【特別展】 グレートジャーニー 人類の旅 The Great Jouney この星に、生き残るための物語
2013年3月16日(土)~6月9日(日)
国立科学博物館 東京上野公園
【グレートジャーニー展公式サイト】 http://gj2013.jp/
今、人類史にとても興味があるので、この展示会が待ち遠しくてたまりませんでした。
さっそく初日に駆けつけました!
天気は良く、桜もチラホラ咲いていました。
『グレートジャーニー』といえば、1993年から放送された関野吉晴さんの特別番組を思い出しますが、今回の展示はその時の旅のダイジェスト版となっています。
当時番組を見た人は、展示を見ていると色々と思い出すこともあると思います。
私が一番に思い出すのは、関野さんがベーリング海峡をカヌーで渡る回でした。
人類の旅ということで、もう少し人類史に踏み込んだ展示があるのかと思ったら、民族学的な内容ばかりで、ちょっと物足りませんでしたが、干し首にミイラと、濃い展示物もあったので、十分楽しめました。

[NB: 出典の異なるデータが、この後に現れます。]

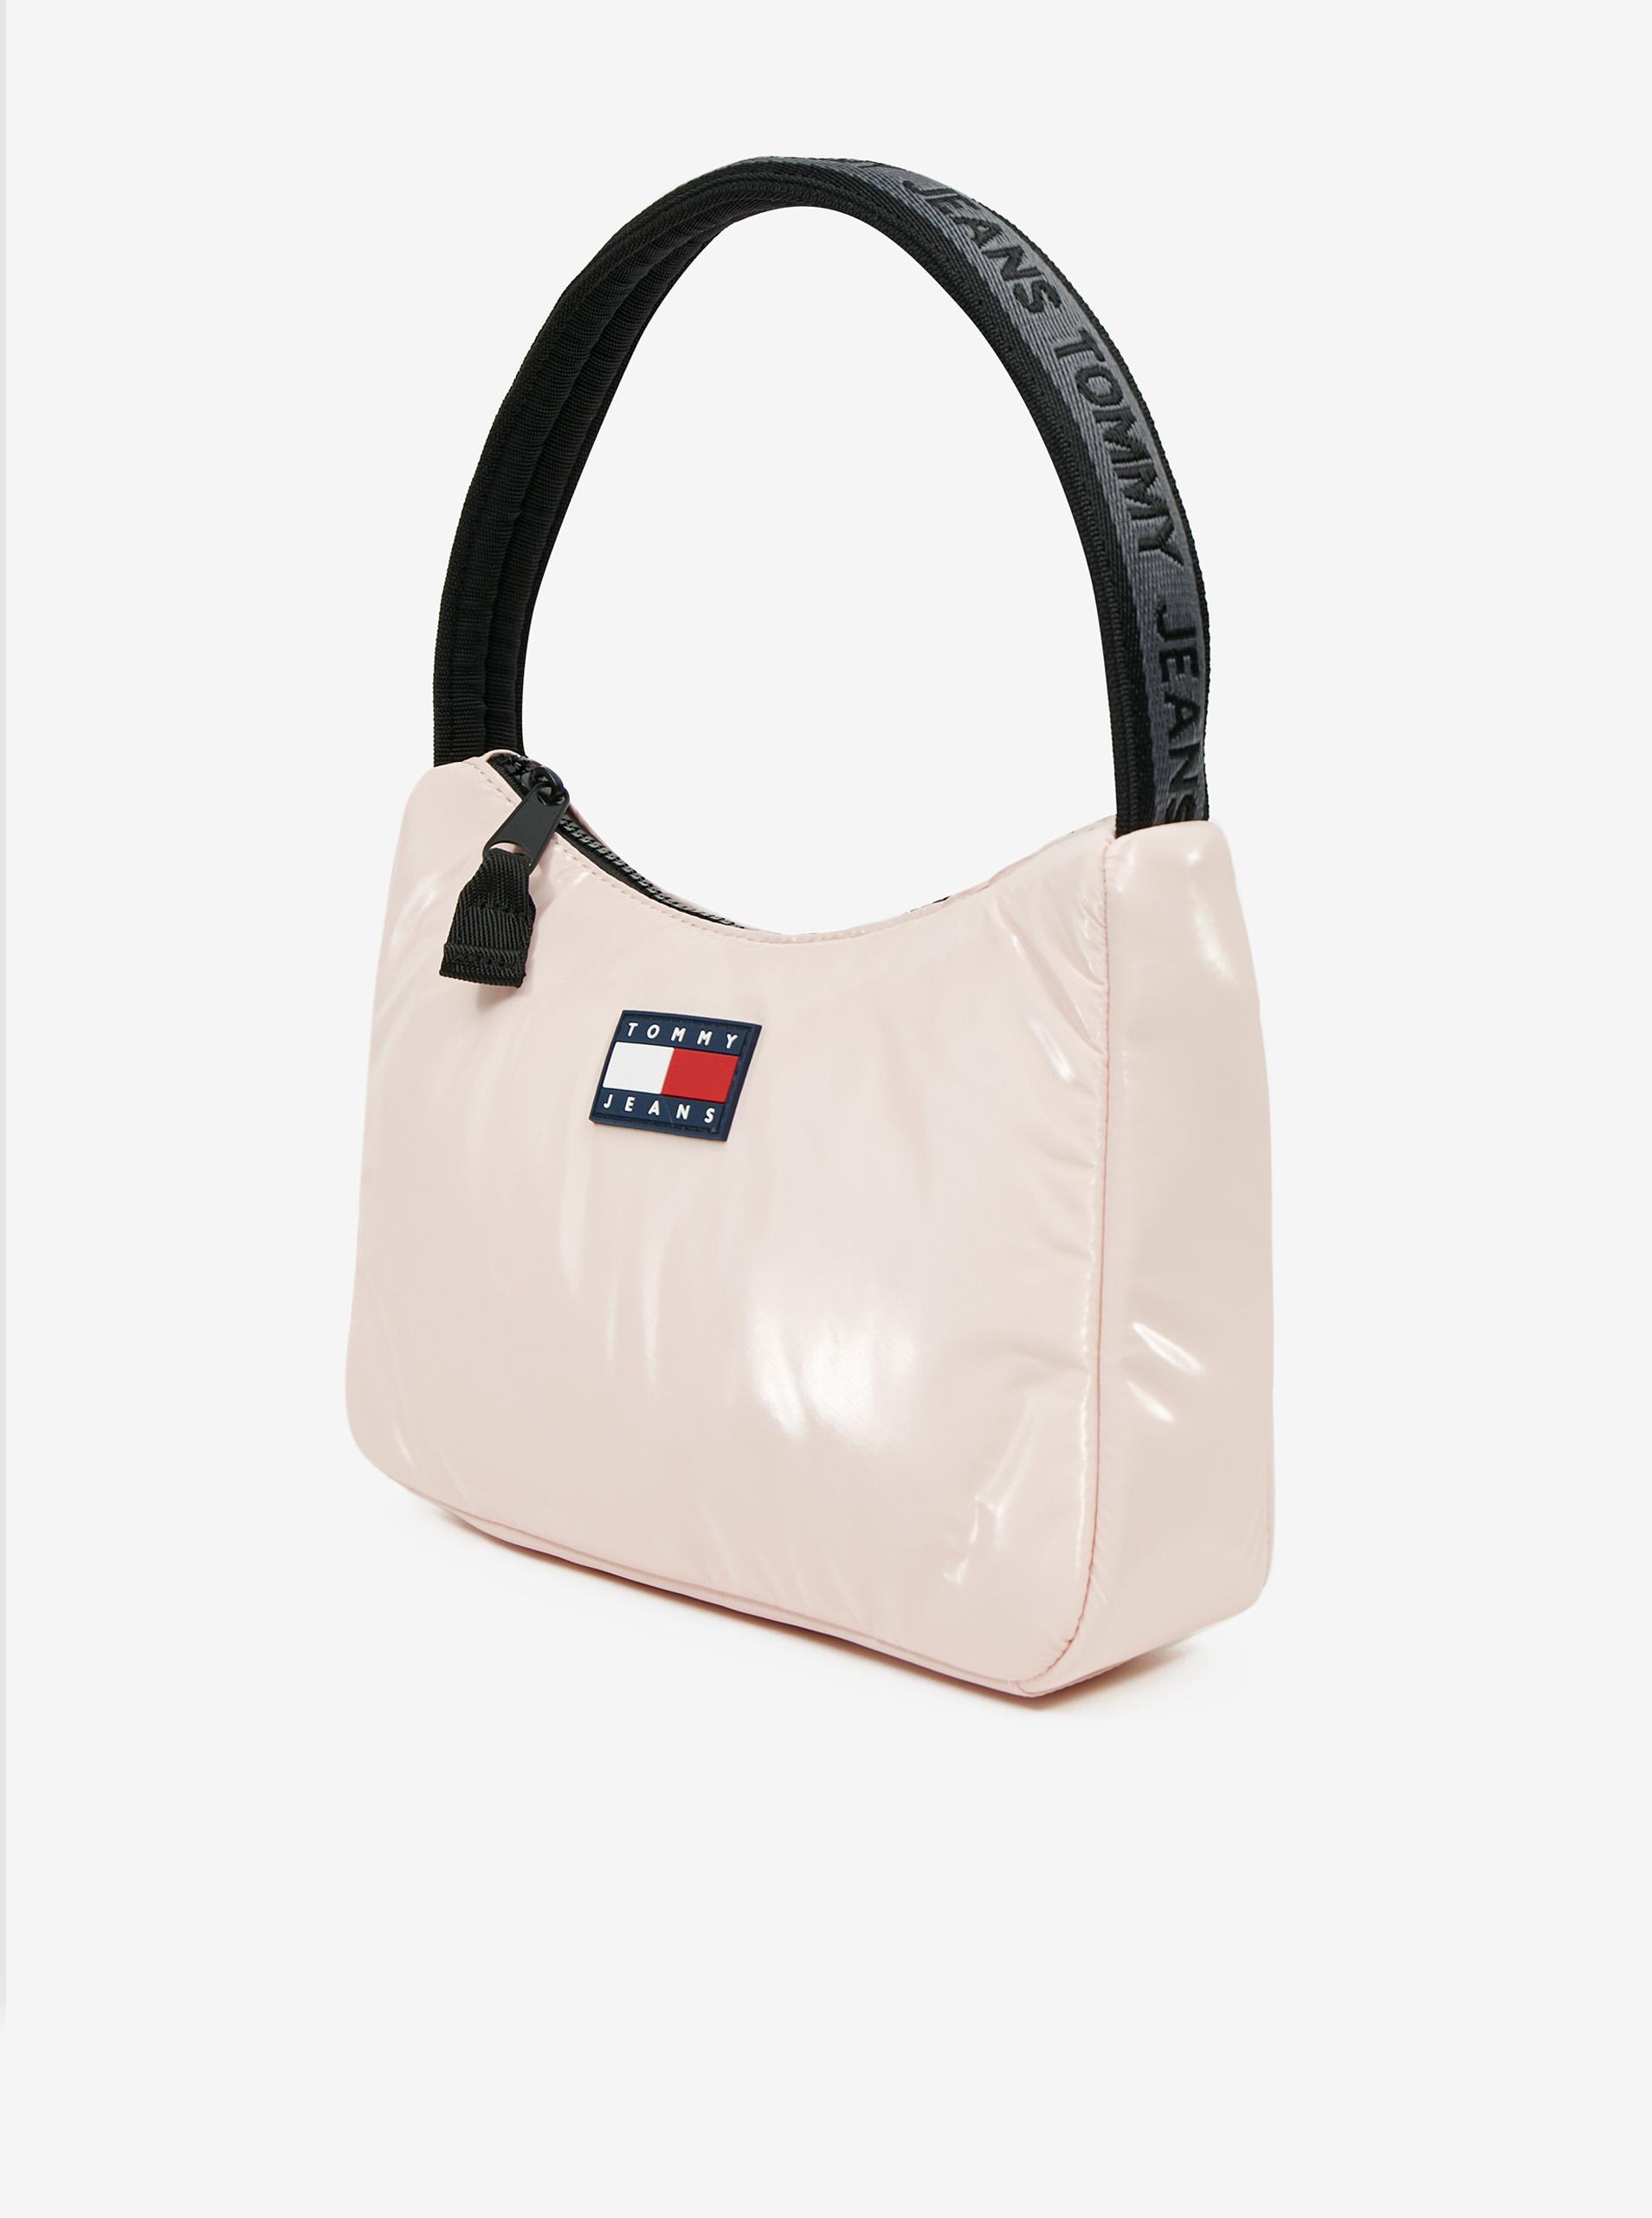 Tommy Hilfiger roza torbica

今回は写真撮影OK(干し首とミイラ以外)だったので、いくつか興味深いものを撮影しました。
■熱帯雨林コーナー
このコーナーでの目玉は3体の『干し首』です。
こぶし大に縮められた人間の首が展示されているのですが、やはり衝撃でした。
10年前には普通に展示されていたのですが、その後、倉庫入りとなり、しばらく見ることが出来ませんでしたが、こうやって再会してみると、やはり貴重であり、面白いモノだなと思いました。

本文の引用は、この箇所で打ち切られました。